Luigi Jorio, swissinfo.ch (Translated by Simon Bradley)

The Schengen Area comprises 25 countries, most of which are members of the EU, as well as the four member countries of the European Free Trade Association – Iceland, Norway, Switzerland and Liechtenstein.

About 255 million people and 116 million vehicles cross Swiss borders every year.

Britain and Ireland are not in the zone, but they have signed agreements on security.

A key element of the Schengen agreement is the Schengen Information Service (SIS), which includes a huge database in the French city of Strasbourg.

The SIS database enables police in any Schengen state to find out whether a suspect has been involved in any kind of crime across the EU.

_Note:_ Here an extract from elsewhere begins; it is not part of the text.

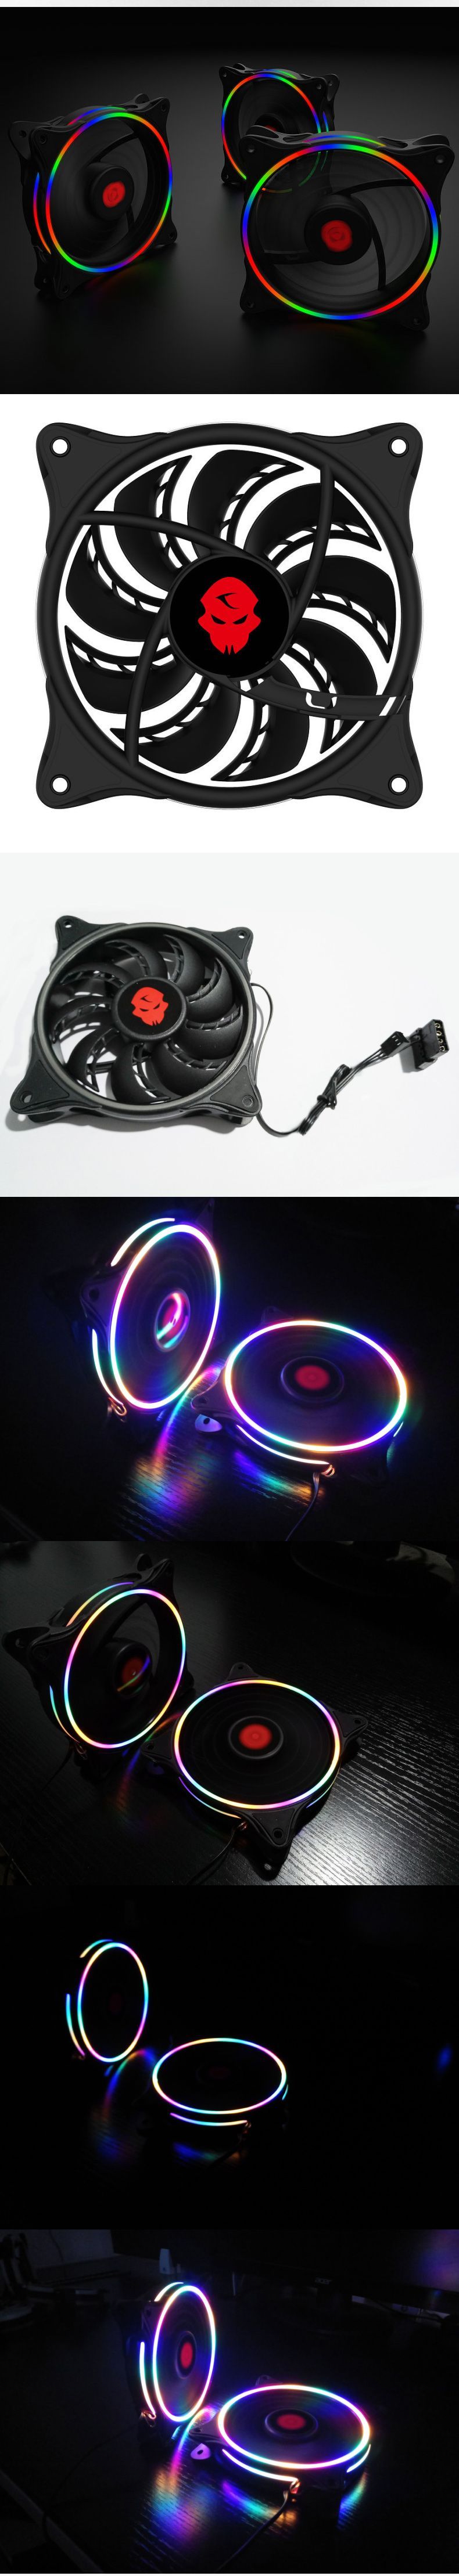 COOLMOON-Neon-Desktop-Computer-Case-Fan-12cm-RGB-Rainbow-Color-LED-Light-Laptop-PC-Case-Cooling-Fan--1657278

The Schengen treaty takes its name from a town in Luxembourg where it was signed by Germany, France and the Benelux states in 1985.

As a member of the Schengen Area, Switzerland has to take on EU laws applicable to Schengen and Dublin. Bern negotiated one exception – references to banking secrecy.

Since the signing of the Schengen treaty in 2004, the EU has officially passed on 71 new laws to Switzerland on the issue.

In one recent change Swiss voters approved the introduction of biometric passports by a very slim margin in May 2009.

Another change is likely to be controversial: Switzerland will have to shorten the maximum length of detention pending deportation from 24 months to 18.
In September 2009 Switzerland and the EU signed a new accord which foresees Swiss participation in Frontex, the EU agency based in Warsaw, which is mandated to coordinate the operational cooperation among member states in the field of border security.

Brussels could also ask Switzerland to make border guards available to monitor its exterior EU borders, i.e. Poland.